EXERCISE AIM: Pictures in the listing should not be copied. Reproduce, word for word, each line from the one holding "Eternity Band Black" through the final line.

INFORMATION SUPPLIED:
┄┄┄┄┄┄

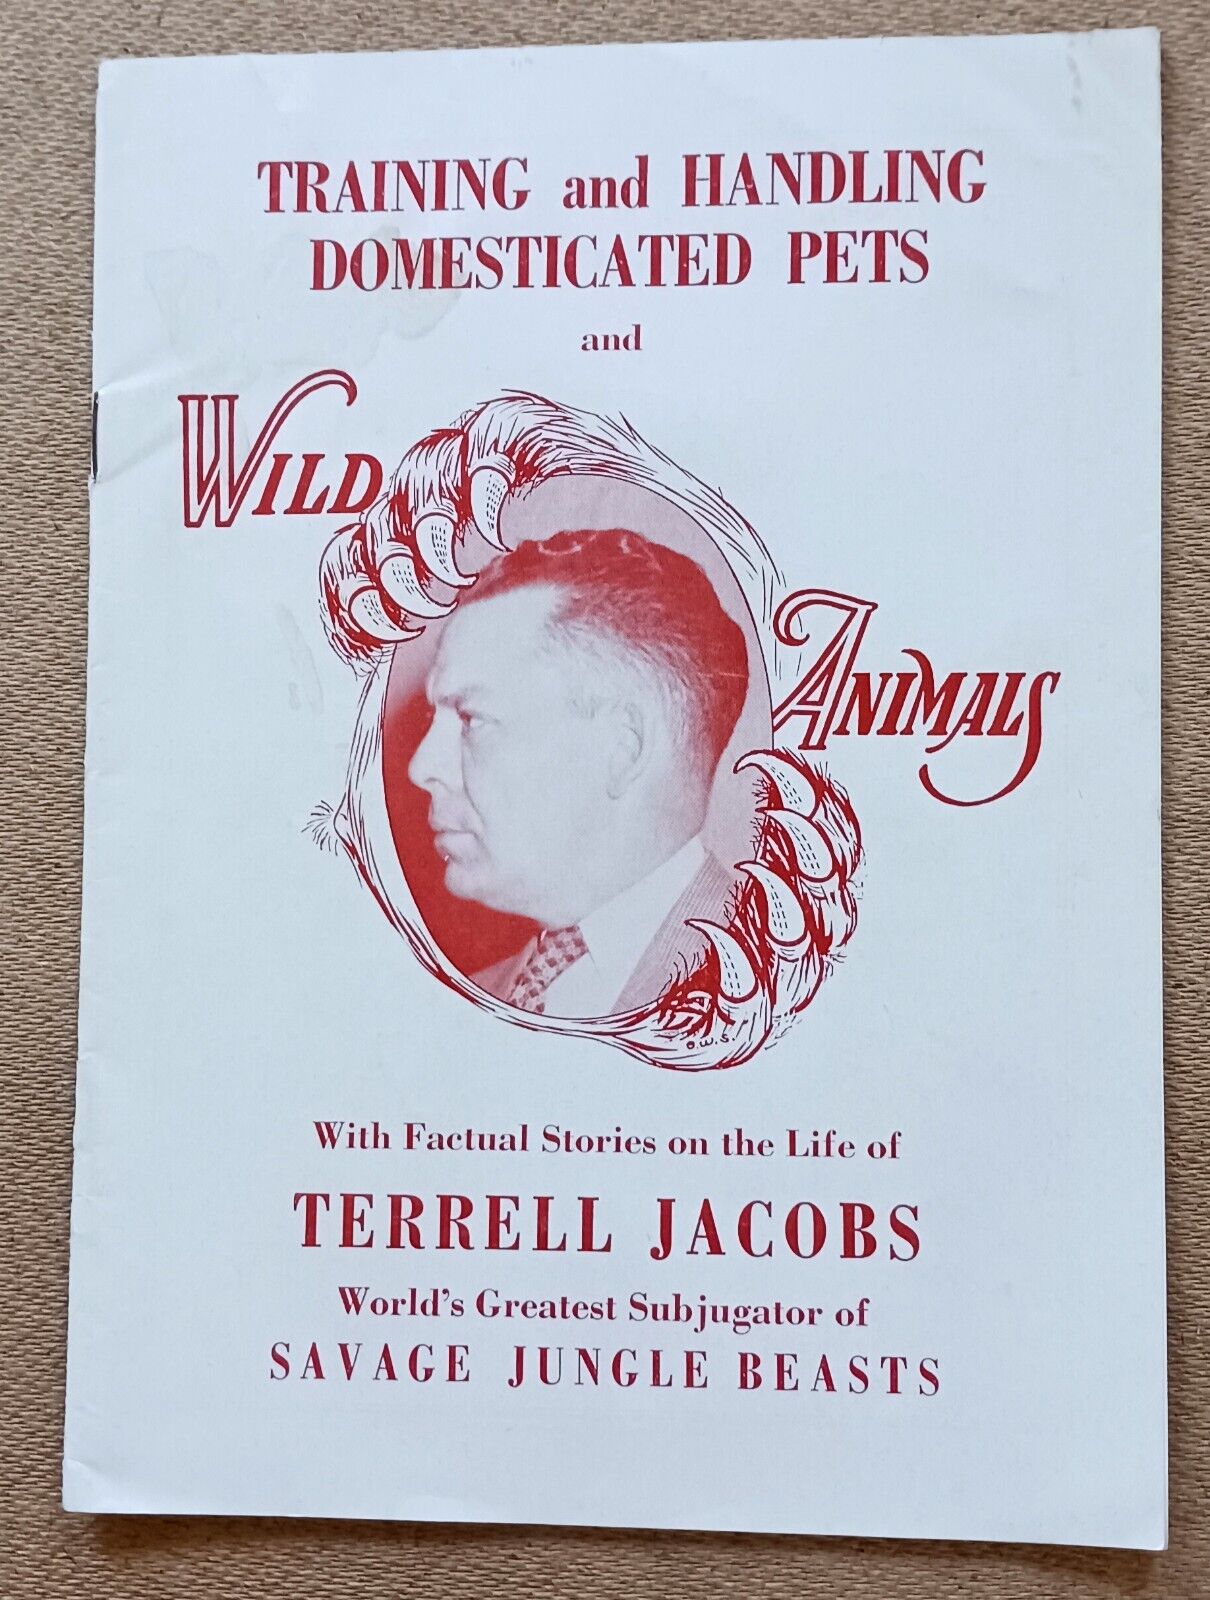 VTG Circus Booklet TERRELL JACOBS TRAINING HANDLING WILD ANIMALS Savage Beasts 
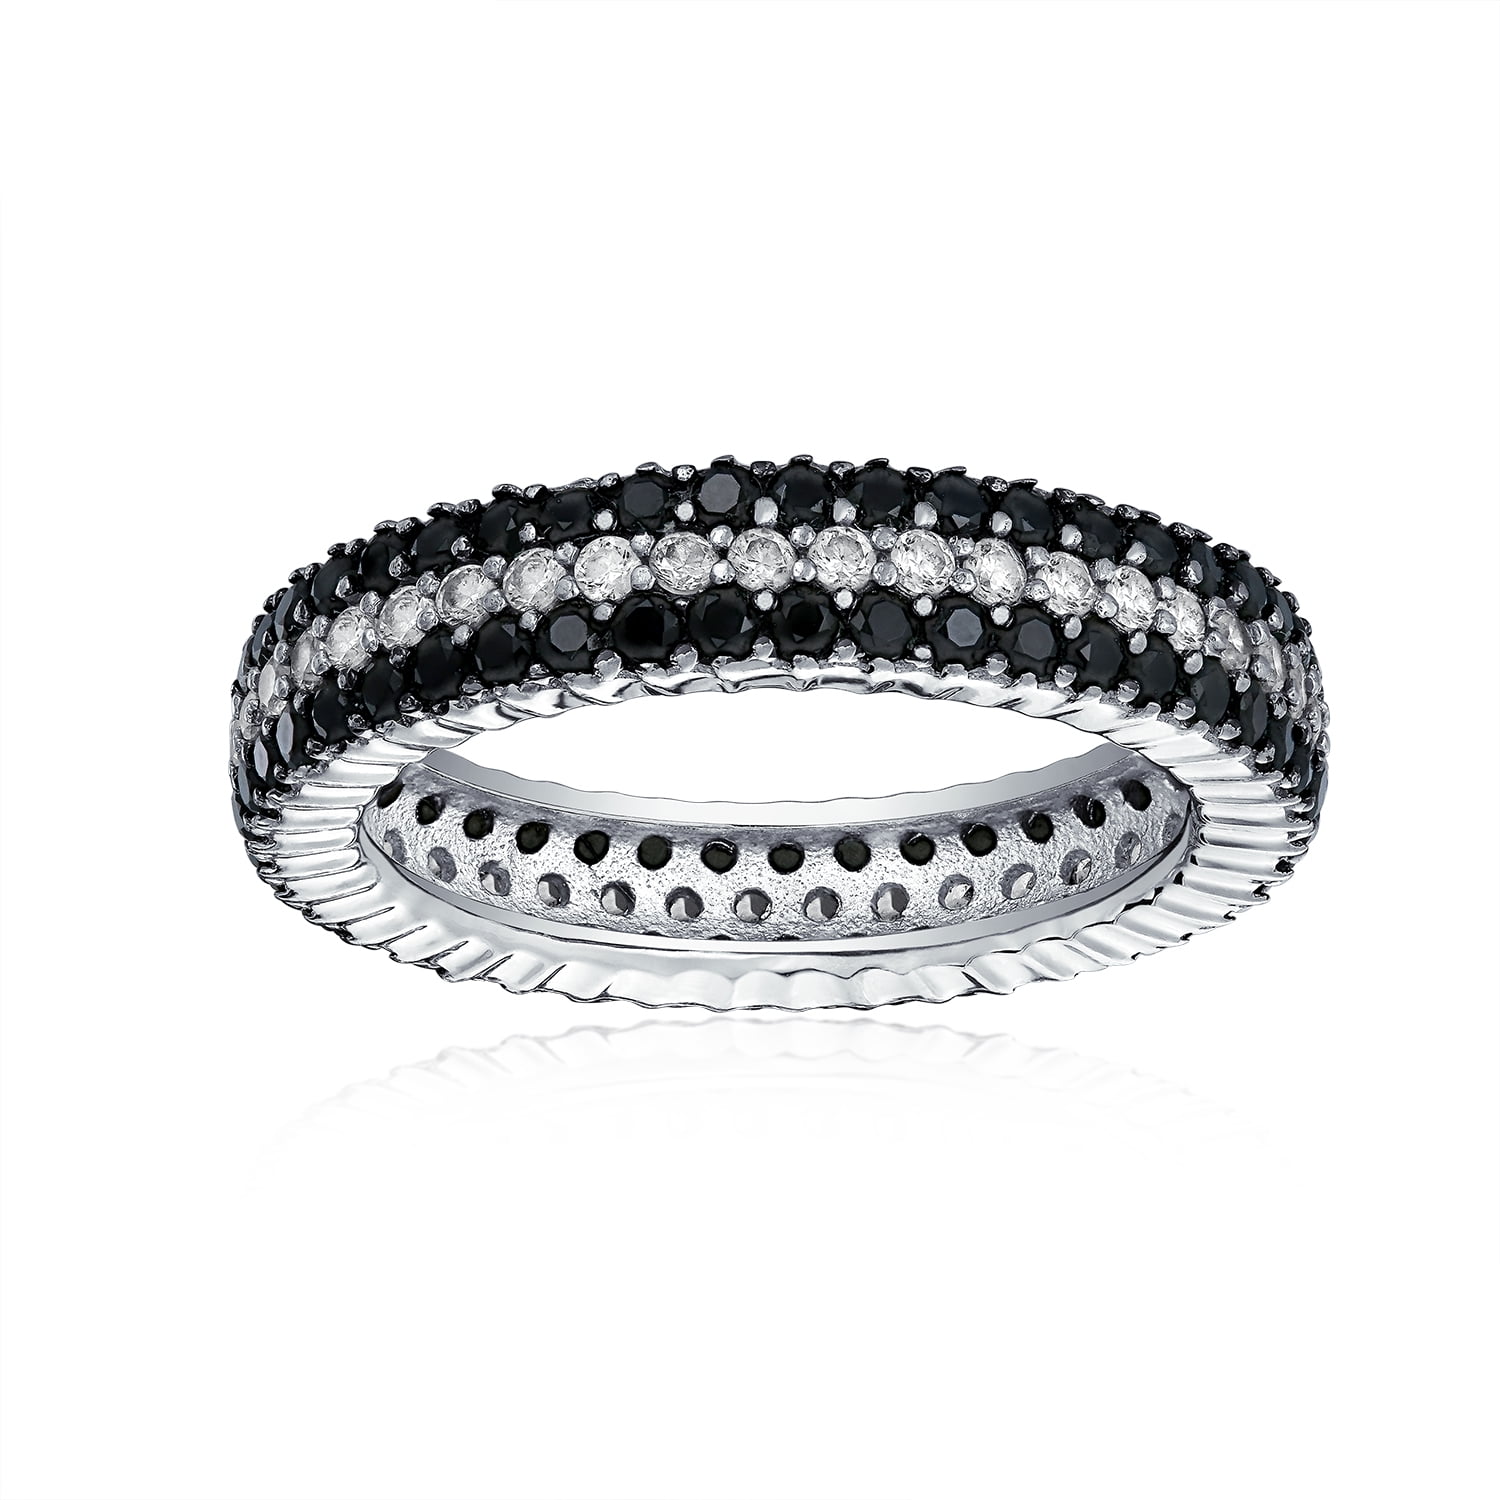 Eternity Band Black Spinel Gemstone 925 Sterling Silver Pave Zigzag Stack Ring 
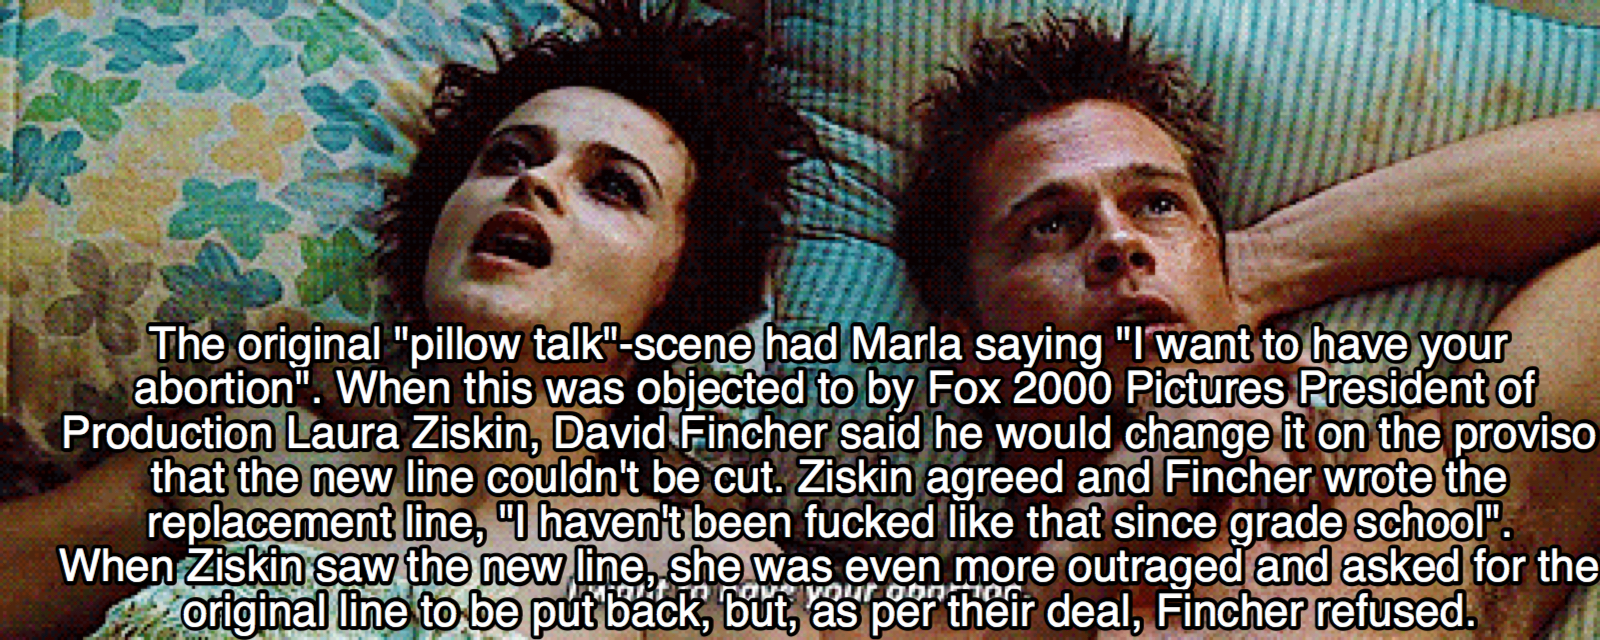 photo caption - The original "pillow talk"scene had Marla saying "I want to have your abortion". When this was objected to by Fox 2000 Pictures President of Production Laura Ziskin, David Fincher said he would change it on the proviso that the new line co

┄┄┄┄┄┄

EXERCISE SOLUTION:
 Eternity Band Black Spinel Gemstone 925 Sterling Silver Pave Zigzag Stack Ring 
 photo caption - The original "pillow talk"scene had Marla saying "I want to have your abortion". When this was objected to by Fox 2000 Pictures President of Production Laura Ziskin, David Fincher said he would change it on the proviso that the new line co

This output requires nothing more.